April 5, 2026 · 10 min read
How to Travel for a Year Without Quitting Your Career
You've priced out the flights and browsed the Airbnbs. Here's how to actually go - three paths to a year abroad without burning down your career.
You've priced out the flights. You've browsed Airbnbs in Lisbon, co-working spaces in Chiang Mai, maybe even googled “digital nomad visa” at 11pm on a Sunday when the Monday dread was setting in. You've done the math on your savings, your rent, your monthly burn rate. You've imagined the email you'd send your boss.
And then you closed the laptop and went to bed. Because somewhere between the fantasy and the plan, something tightened. Not a thought, exactly. More like a feeling - a quiet constriction that sounds like responsibility but feels like a cage.
The logistics aren't the hard part. Visa applications, time zone math, finding reliable Wi-Fi in Split - that's all solvable. You could figure it out in an afternoon. The hard part is what keeps you from even starting. The resistance that shows up dressed as being practical, being responsible, being realistic.
That's what this is about. How to travel for a year without burning down the career you've spent years building - and how to get past the part of you that's already deciding it's impossible.
You Don't Have to Choose Between Stability and Adventure
Most people think about this in binary. Stay in the career or leave it. Keep the salary or chase the dream.
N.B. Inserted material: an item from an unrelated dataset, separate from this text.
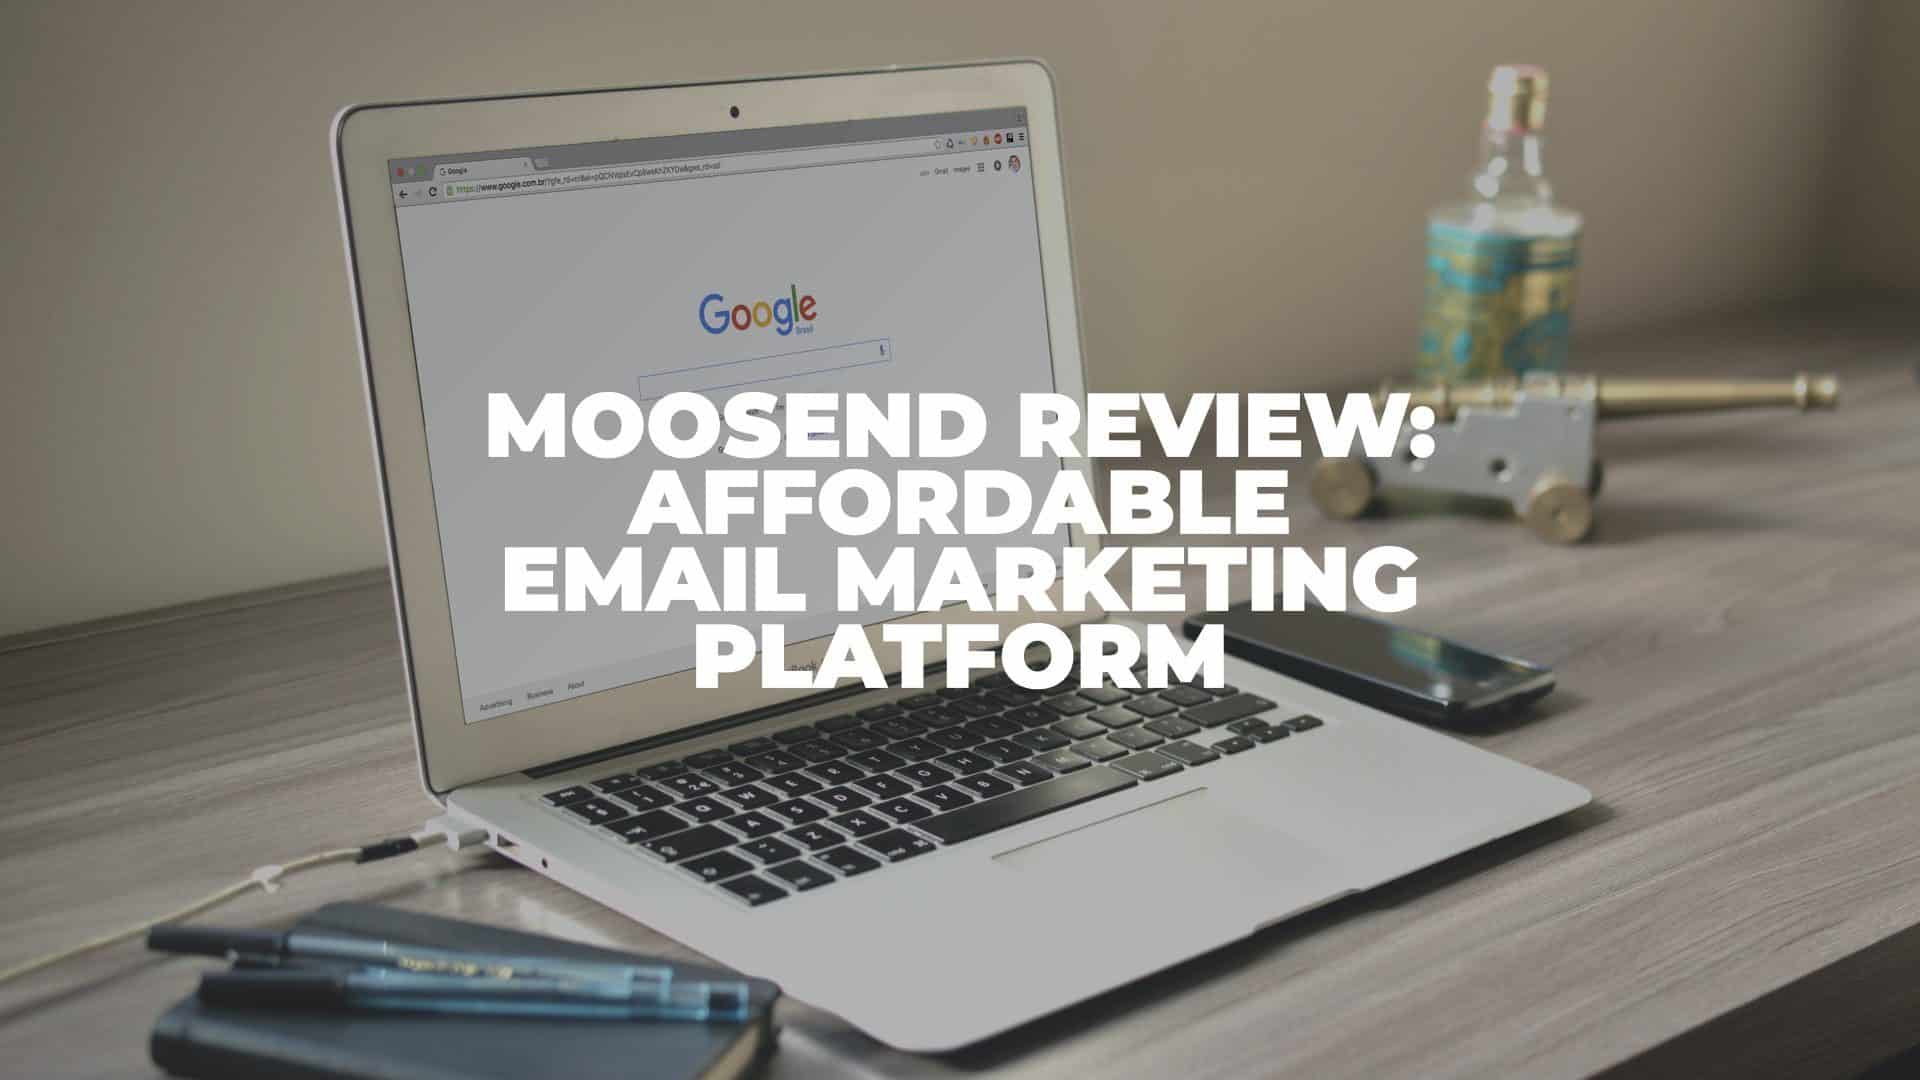 Moosend Review - Featured Image
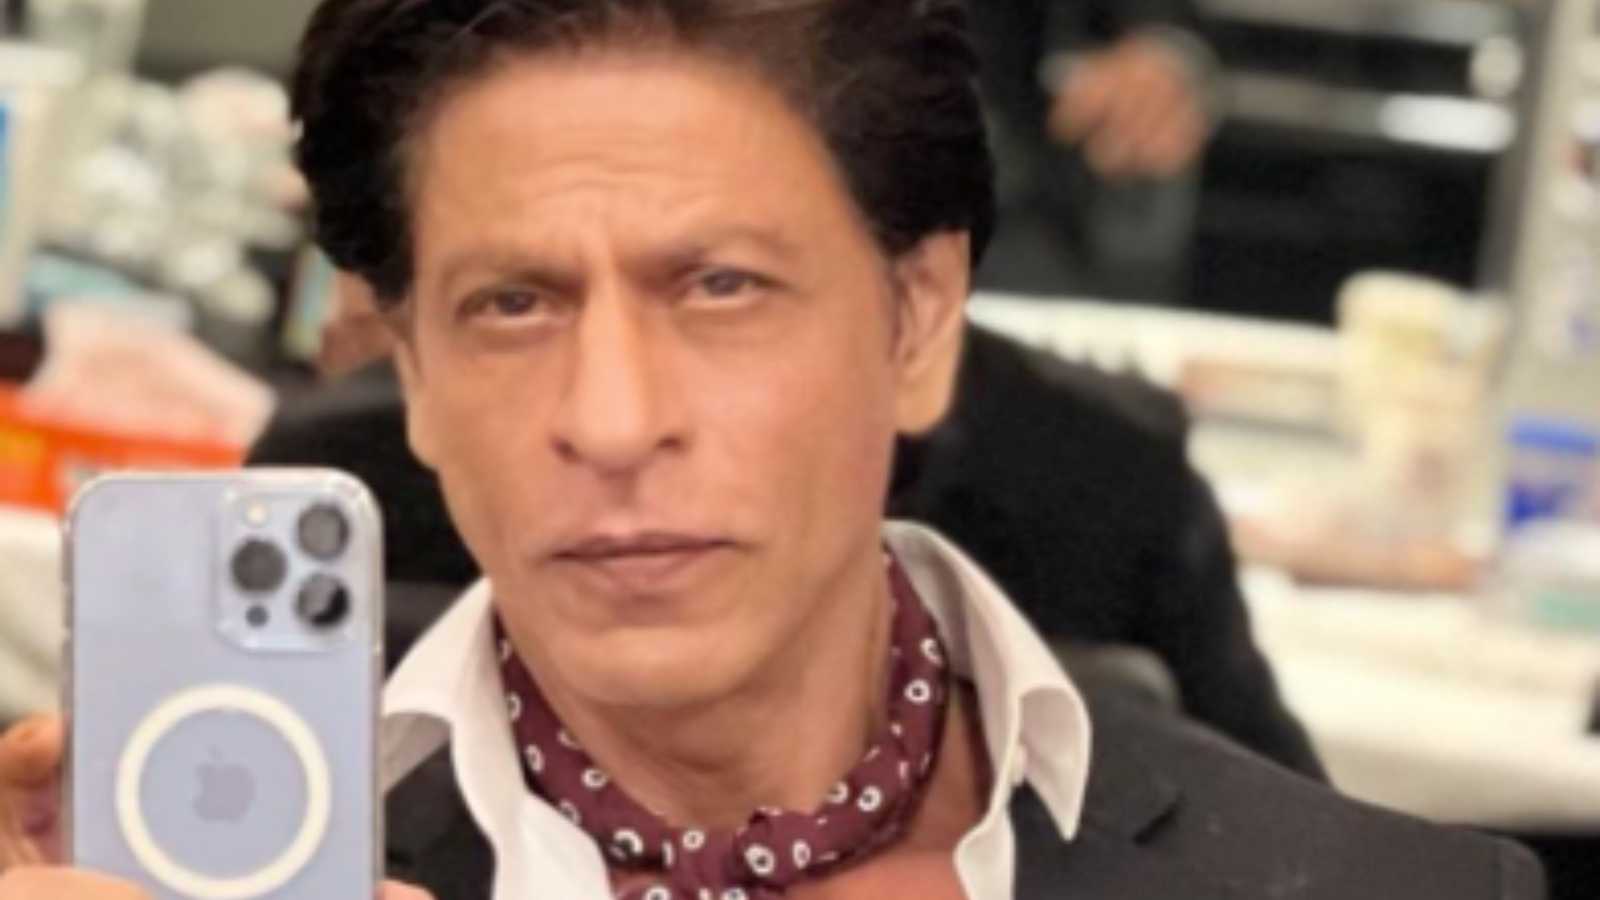 Shah Rukh Khan was bullied during the 80s and 90s

Be responsible or be free. And as long as you're thinking about it that way, you'll never go - because no sane person torches a decade of career momentum for a year in Bali. Nor should they.
But that binary is a false one. And it's the reason most people never start - they're trying to choose between two extremes when the actual answer is in the middle.
I didn't leave my career to travel. I rebuilt my career so that travel was part of it. Nights and weekends at first, then a side project that grew, then a blog that reached over ten million people, then full location independence - working from co-working spaces and hotel rooms across five continents.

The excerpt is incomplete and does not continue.